Mara se tenait dans l'encadrement de la cuisine, s'essuyant les mains sur son tablier. C'était ce qui se rapprochait le plus d'une famille à Raven Hollow, bien qu'elle n'ait jamais osé se qualifier ainsi. Une oméga veuve avec des yeux gentils et une bouche fatiguée, Mara m'avait recueillie après la mort de ma mère, quand personne d'autre ne voulait d'une enfant aux yeux argentés sans père connu et sans odeur de loup.
Son regard parcourut ma silhouette et s'adoucit.
« Tu ne t'es pas changée. »
Je regardai ma robe grise toute simple. Elle était propre mais vieille, l'ourlet reprisé à trois endroits. « Je dois encore finir de débarrasser la table ouest. »
« Non. » Elle s'approcha et me prit le plateau des mains. « Tu as dix-huit ans. Tu vas assister à la cérémonie. »
Un rire m'échappa avant que je ne puisse l'arrêter. Il sonnait creux.
« Mara... »
« Tu y assisteras », répéta-t-elle.
Je jetai un coup d'œil vers la salle à manger. « L'Alpha Garrick a dit que je pouvais rester avec les domestiques. »
« Il dit beaucoup de choses après avoir trop bu. »
Cela me fit presque sourire.
Mara baissa la voix. « Ta mère aurait voulu que tu sois sous la Lune de Sang. »
Le sourire s'effaça.
Ma mère.
Personne ne parlait d'elle à moins de vouloir me faire du mal ou me prévenir. J'avais des fragments au lieu de souvenirs. Une berceuse fredonnée dans mes cheveux. Une main chaude pressée sur ma joue. L'odeur de la pluie sur la laine. La voix d'une femme chuchotant : Quand le tonnerre gronde, n'aie pas peur.
J'avalai ma salive. « Et s'il ne se passe rien ? »
Les yeux de Mara vacillèrent.
Elle ne me mentait jamais. C'était l'une des raisons pour lesquelles je l'aimais.
« Alors il ne se passera rien », dit-elle doucement. « Et tu apprendras à vivre avec. »
Ma gorge se serra.
Elle fouilla dans la poche de son tablier et en sortit un petit paquet plié. « Tiens. »
Je fronçai les sourcils. « Qu'est-ce que c'est ? »
« Ouvre-le. »
À l’intérieur, il y avait un ruban.
Pas rouge comme les autres.
Argenté.
Fin, décoloré, et adouci par les années.
Mes doigts se figèrent autour.
« C’était le sien », dit Mara. « Ta mère le portait la nuit où elle est arrivée à Raven Hollow. »

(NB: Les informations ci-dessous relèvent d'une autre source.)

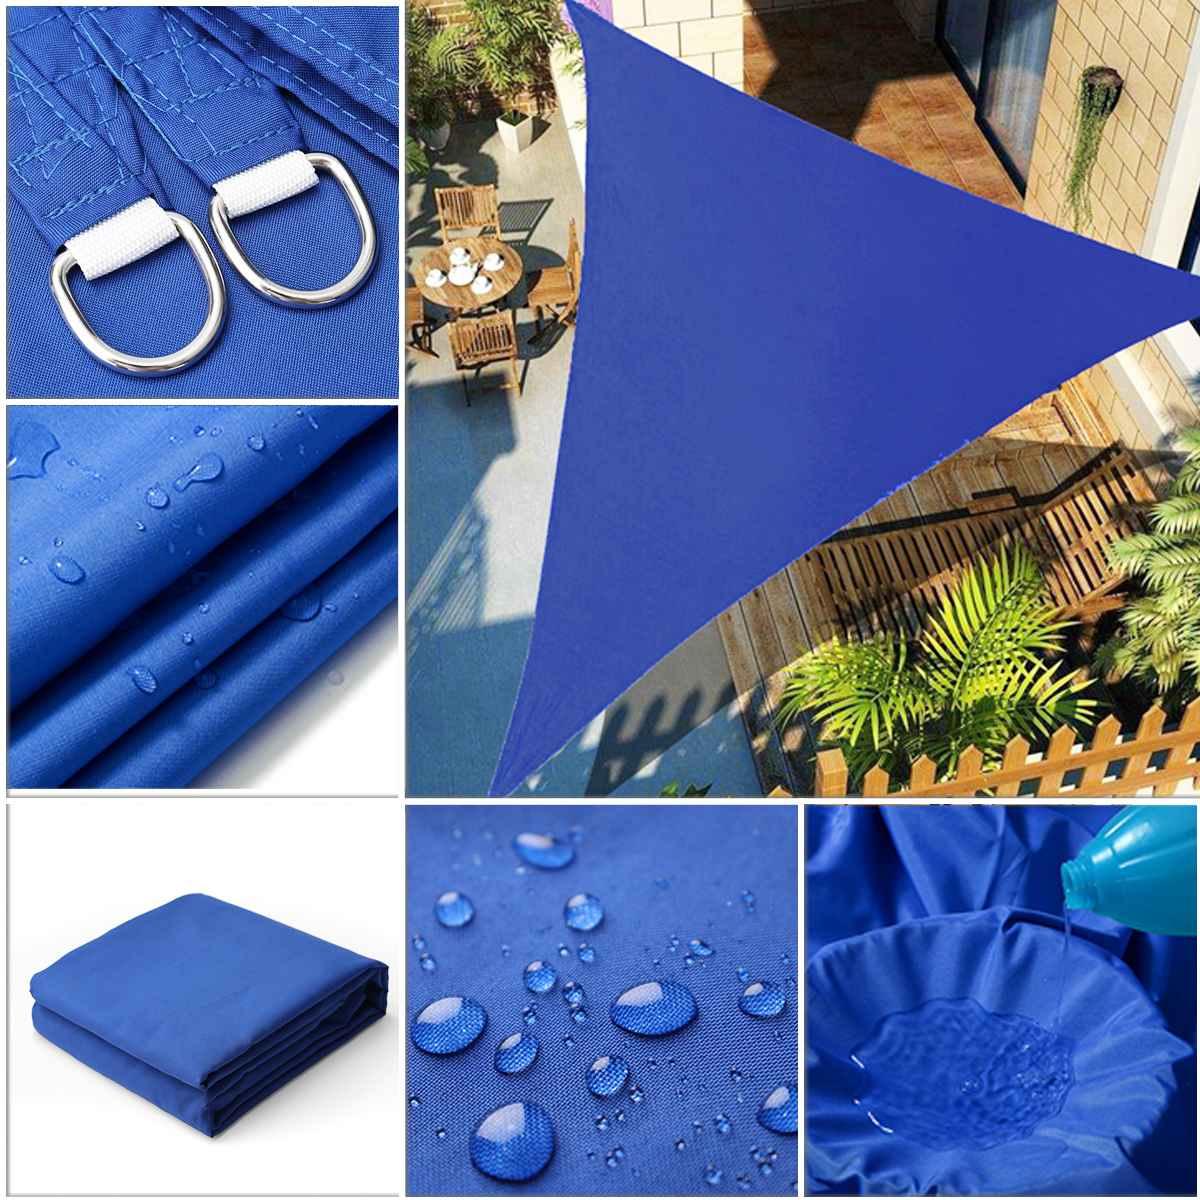 Sombra resistente al agua vela Anti-UV parasol red al aire libre jardín protector solar cortina bloqueadora solar tela red planta invernadero cubierta de coche

Mon cœur eut un sursaut douloureux. « Tu l’as gardé ? »
« J’ai gardé ce que j’ai pu. »
Le brouhaha de la cuisine sembla s'évanouir. Un instant, il n'y eut que Mara, le ruban et le manque lancinant d'une femme dont j'avais à peine le souvenir, mais qui me manquait autant que l'air que je respirais.
J'attachai le ruban autour de mon poignet.
Il semblait fragile contre ma peau.
« Merci », murmurai-je.
Mara me caressa la joue. « Quoi qu'il arrive ce soir, Lyra Vale, tu n'es pas une erreur. »
Je voulais la croire.
Je le voulais si fort que ça en devenait douloureux.
La clairière sacrée se trouvait au-delà de la limite nord du packhouse, là où la forêt s'ouvrait autour d'un chêne ancestral, plus vieux que n'importe quelle lignée d'Alpha. Ses branches s'étendaient, larges et sombres, sur le ciel du soir, dénudées malgré la saison, comme s'il refusait de fleurir pour qui que ce soit.
La Lune de Sang ne s'était pas encore levée, mais son arrivée teintait l'horizon d'un rouge pourpre.
Je me tenais au fond, avec les omégas et les serviteurs.
Exactement là où tout le monde m'attendait.
Le froid me mordait à travers ma robe fine. Les loups ne ressentaient pas l'hiver aussi intensément que les humains. Leurs bêtes les réchauffaient de l'intérieur. Moi, je sentais chaque souffle de vent se glisser sous mon col et parcourir ma colonne vertébrale.
Autour de la clairière, la meute s'était rassemblée en cercles, selon les rangs.
L'Alpha Garrick se tenait tout près du chêne, large d'épaules et à la barbe argentée, sa Luna à ses côtés vêtue d'une robe en velours rouge sombre. La famille du Bêta se tenait à sa droite. Derrière eux, les guerriers. Les couples unis. Les anciens. Les enfants.
Et au centre, les jeunes de dix-huit ans attendaient.
Vingt-trois d'entre eux.
Vingt-trois futurs.
Selene se tenait parmi eux, rayonnante dans sa soie cramoisie, ses cheveux blonds tressés de rubis. Son regard balaya la foule jusqu'à ce qu'il se pose sur moi. Elle sourit.
Je détournai les yeux.
Un battement de tambour résonna.
Sourd.
Lent.
Le silence tomba sur la clairière.
L'Ancien Rowan s'avança, ses robes blanches traînant sur l'herbe gelée. Son visage était marqué par les rides, ses cheveux longs et pâles, et ses yeux, bien que voilés par l'âge, restaient assez perçants pour faire baisser la tête aux plus aguerris des guerriers.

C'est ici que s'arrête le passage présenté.